Doğu Akdeniz’e kıyısı olan ülkelerle AB’den birçok aktörün katılacağı bu konferansın gündemi deniz yetki alanlarının sınırlandırılmasından enerjiye, göç meselesinden ekonomik işbirliğine kadar çok geniş başlıklara yayılacaktır. Bu kadar çok aktörün, dolayısıyla bu kadar farklı çıkarların denkleme girdiği bir konferansın işleyişi başlı başına ilginç bir tecrübe oluşturacaktır.
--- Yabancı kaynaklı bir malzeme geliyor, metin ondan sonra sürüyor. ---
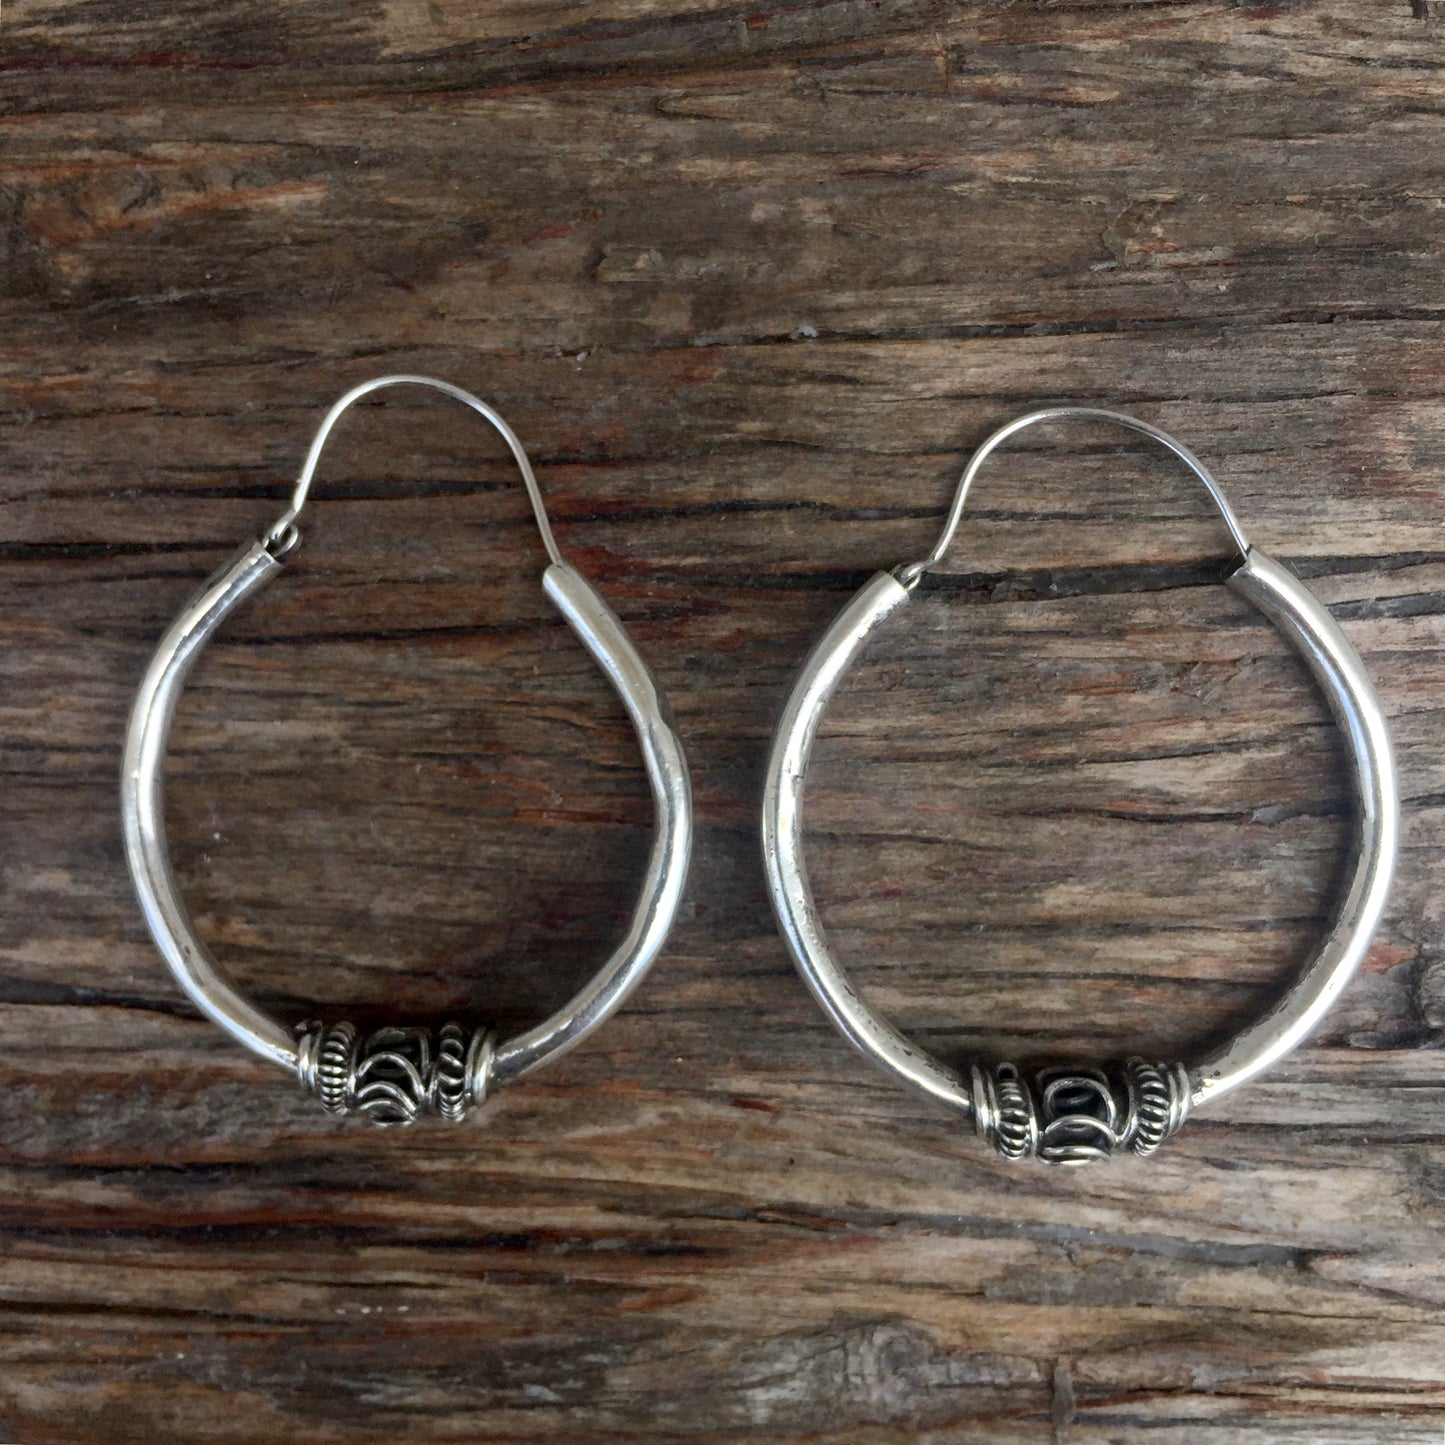 Silver Hoop Earrings

Kabul edelim ki, son dönemde Doğu Akdeniz’de Yunanistan, KRY, İsrail, Mısır gibi aktörlerin kendi aralarında kurdukları işbirliği yapılanmalarının -siyasi nedenlerle- dışında kalan Türkiye, bu konferans mekanizması çalıştığı takdirde bölgenin önemli oyuncusu olarak fotoğrafın içine girmiş olacaktır.
*
AB zirvesinin Türkiye açısından düşündürücü bir başka tarafına bakalım. Kararlarda dikkat çeken bir nokta, Brüksel cephesinde uzun bir zamandır gözlendiği şekilde tam üyelik hedefine hiçbir atfın yapılmamış olmasıdır. Açıklanan metin, sanki tam üye adaylığı resmen kabul edilmiş, tam üyelik müzakereleri başlatılmış bir ülke değil, AB ile hiçbir kurumsal bağlayıcı ilişkisi bulunmayan üçüncü bir ülkeden söz ediyor.
Böyle de olsa AB zirvesinin Türkiye ile AB arasında bir ‘pozitif siyasi gündem’ başlatma kararı kayda değer bir adımdır. ‘Pozitif gündem’ düşüncesi 2012’den beri zaman zaman gündeme gelmekteydi. Bu kez bizzat AB’nin en üst karar organı tarafından taahhüt edilmiş olması önemlidir. Bu gündem, gümrük birliğinin güncellenmesi, yüksek düzeyde diyalog, göç konularında işbirliğinin sürdürülmesi gibi başlıklara odaklanacaktır.
Bu taahhüt yapılırken tam üyelik müzakerelerine değinilmemesi kuşkusuz temel bir eksikliktir. Ancak en azından Türkiye ile AB arasında uzun zamandır kurumsal düzeyde yaşanan kopukluklardan sonra pozitif bir vurguyla siyasi diyaloğu yeniden başlatma iradesinin ortaya konmasını yine de bardağın dolu tarafındaki bir unsur olarak görmeliyiz.
Gelgelelim bu alanda ilerleme sağlanabilmesi bile “Yunanistan ve Kıbrıs’a karşı yasadışı faaliyetlerin durdurulmasına dönük yapıcı çabaların sürdürülmesi” koşuluna bağlanmıştır. Özetle, ortaya çıkan çerçevenin hayata geçirilebilmesi hedefini ciddi sıkıntılar bekliyor önümüzdeki dönemde.
Bütün bu olumsuzluklara rağmen dış ilişiklerinde yeniden Avrupa boyutunun belirmeye başlamış olması, içinden geçilen sıkışık konjonktürde her bakımdan Türkiye’yi rahatlatacak, elini güçlendirecek bir gelişme olacaktır.